My friends, personal clients, and Wildhearts have all had similar experiences. And I’ve discovered something interesting by watching them and observing my own life.

I’ve been a coach for over 5 years now. I’d guess that that has me coaching probably over about 2000 hours.

And in that time I’ve learned that, really, there is only ONE thing that people care about.

How to get from point A to point B.

Think about it…we ALL want something. We all want Point B. That bigger vision of what we see for ourselves. The shiny dream life we all imagine.

Whether it be a better body, better finances, a relationship, a baby, a new car, enough money to go on that retreat you’ve been eyeing, more freedom. And on and on.

And yet, where the pain and suffering comes in, is that we’re at Point A…and wanting to be somewhere else.

As a coach, I often get asked “HOW?” How do I get what I’m really wanting? What steps do I need to take? How do I get there?

And what I’ve seen is that everyone wants the shortcut. They want the answer that is going to save them and fix whatever Point A problem they’re facing.

And what I’ve actually found is that it is 100% possible to get to Point B, but not the way most people are doing it.

In fact it’s way more simple than you might imagine.

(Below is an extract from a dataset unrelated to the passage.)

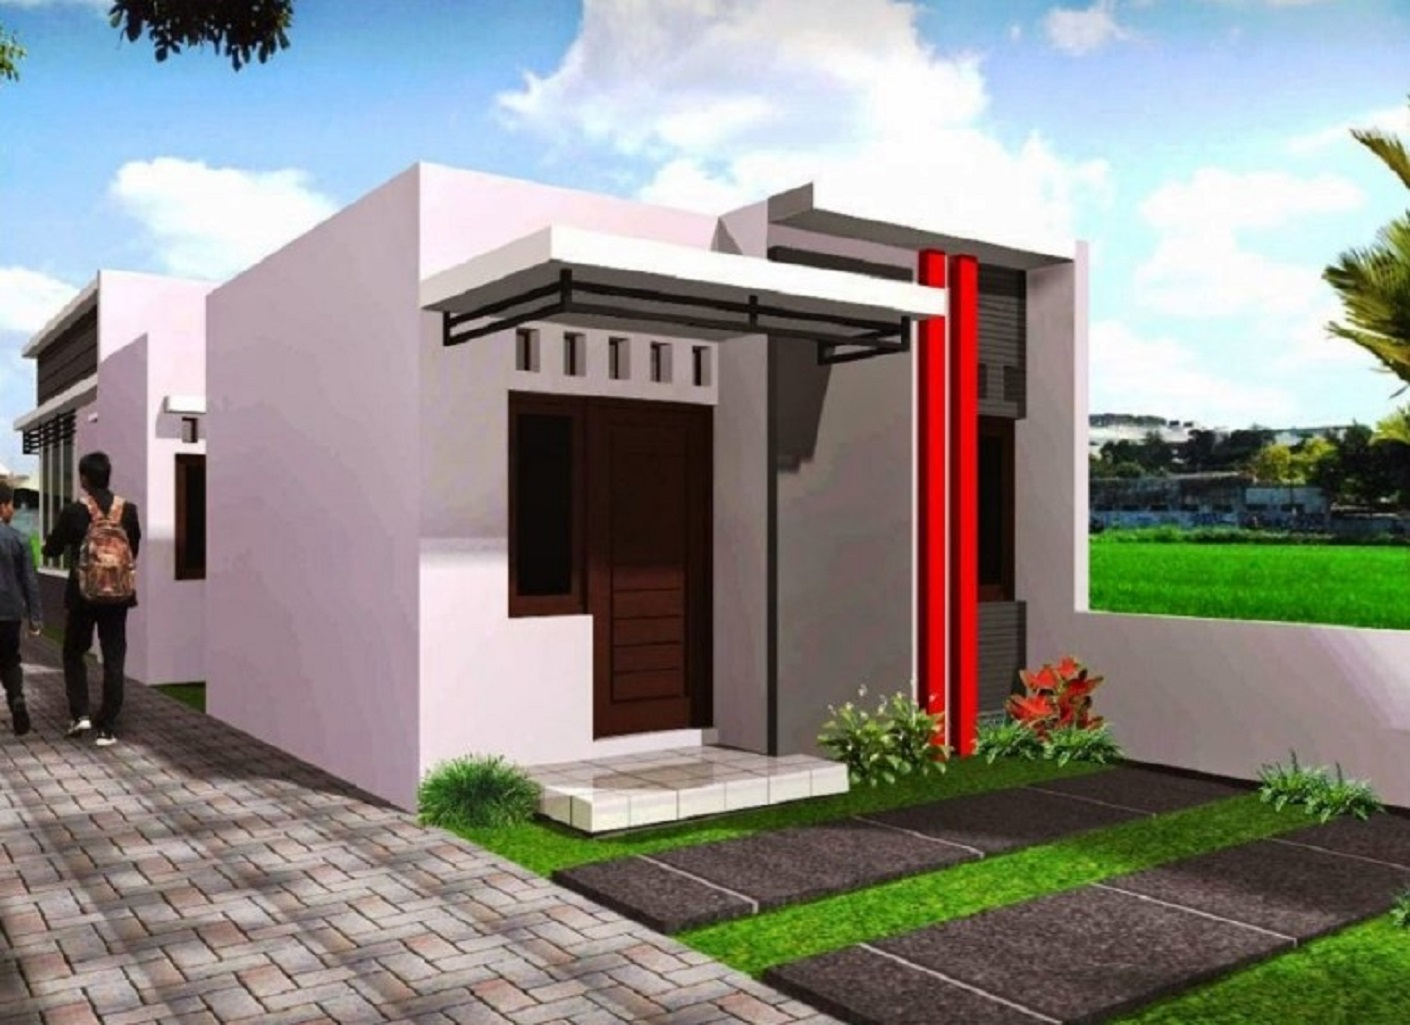 Foto Rumah Minimalis Sederhana Terbaru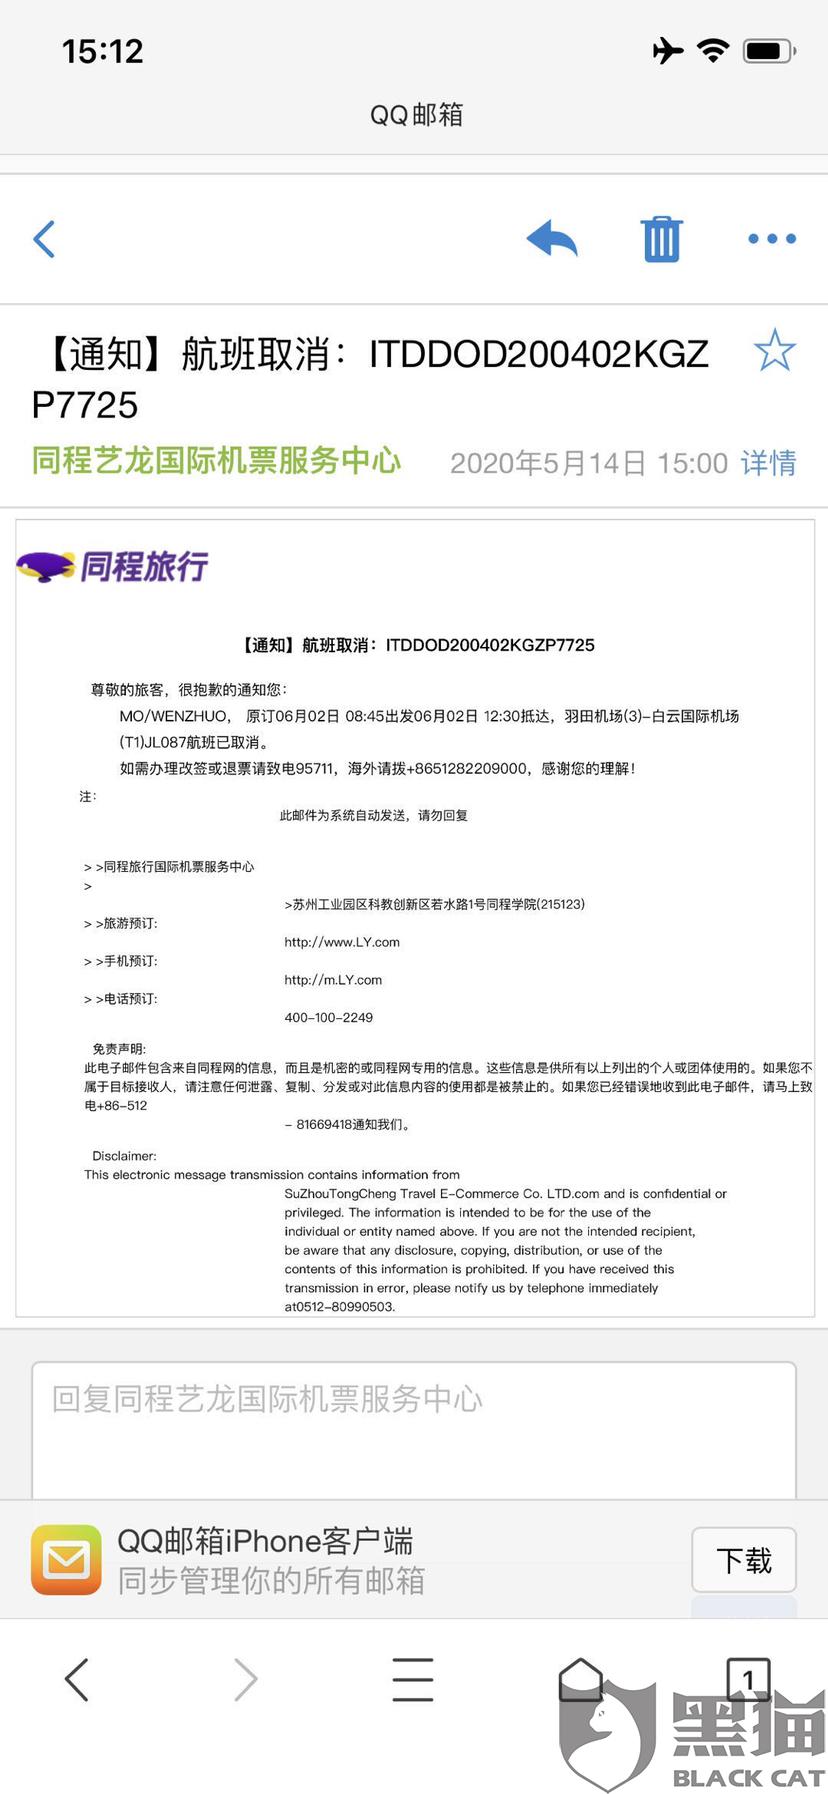 黑猫投诉:艺龙旅行网百般刁难拒不退款

The way you get from Point A to Point B is practice taking action. Every day. (Tweet this!)

That’s it.

We tend to think change needs to be some grandiose thing that happens, that all of a sudden, everything is different now.

But the truth is, change happens when you consistently practice doing and being the thing you want.

About a year ago, I couldn’t get through a five-minute meditation. Now…I meditate at least 30 minutes a day, on top of whatever Kundalini thing I’m doing. And crave more. How did I get there? From doing TONS of five-minute meditations. Over and over again. Every day. Even when I didn’t feel like it.

 

About a year ago I almost had a heart attack every time I turned a corner on my motorcycle. Now…I roll through the intersection with ease and confidence. How did I get there? I rode the hell out of my motorcycle. Over and over. Even when I felt scared.

Think about the actor Chris Pratt. Mega superstar from the movie Guardians of the Galaxy (and mega hottie). Think he just came up on the scene?? NOPE. He was at it for 15 years before he got his major star status. He showed up for his roles, again and again. (I’m guessing, even when he didn’t feel like it.)

Life is full of stories like this. There’s no such thing as “overnight” success. And yet people want it. They want those six figures businesses, like yesterday, and the book deal after only being in business five minutes.

And the truth is…you CAN reach superstar status, but the way to do it is from practicing. It’s from continuously working on your stuff over and over and over again until it’s at star level.

Your revolutionary life isn’t going to happen overnight. You’re not going to wake up one day and be famous. Or find that one idea that your whole career is going to hinge on.

Your revolutionary life is going to happen because you’ve done the work. You’ve shown up for it every single day, even when you didn’t feel like it. (Tweet this!)

And the good news is that you can start TODAY.

Now, while you’re on that wild ride from Point A to Point B, it’s going to feel daunting. And scary. Like you can’t possibly get on that yoga mat today and start meditating. And that’s ok. It’s all normal.

That’s why you’re going to need support. Because we all know that it’s much, much easier to stay under the covers when we’re scared. You need people who will draw you out and remind you why you started on this road to begin with.

I’ve built an entire community, The Wildheart Revolution, around providing that support. Because I want everyone to live out whatever revolution is calling them (even if it’s just a quiet one!).

Either way, it’s crucial that you find the support and accountability you need to stay consistent and to keep taking action towards your dreams. Every day. Even when you don’t feel like it.

So my challenge for you today is simple (not easy, but simple): what action can you take TODAY, and every day, toward something you want to have, be, or do in your life?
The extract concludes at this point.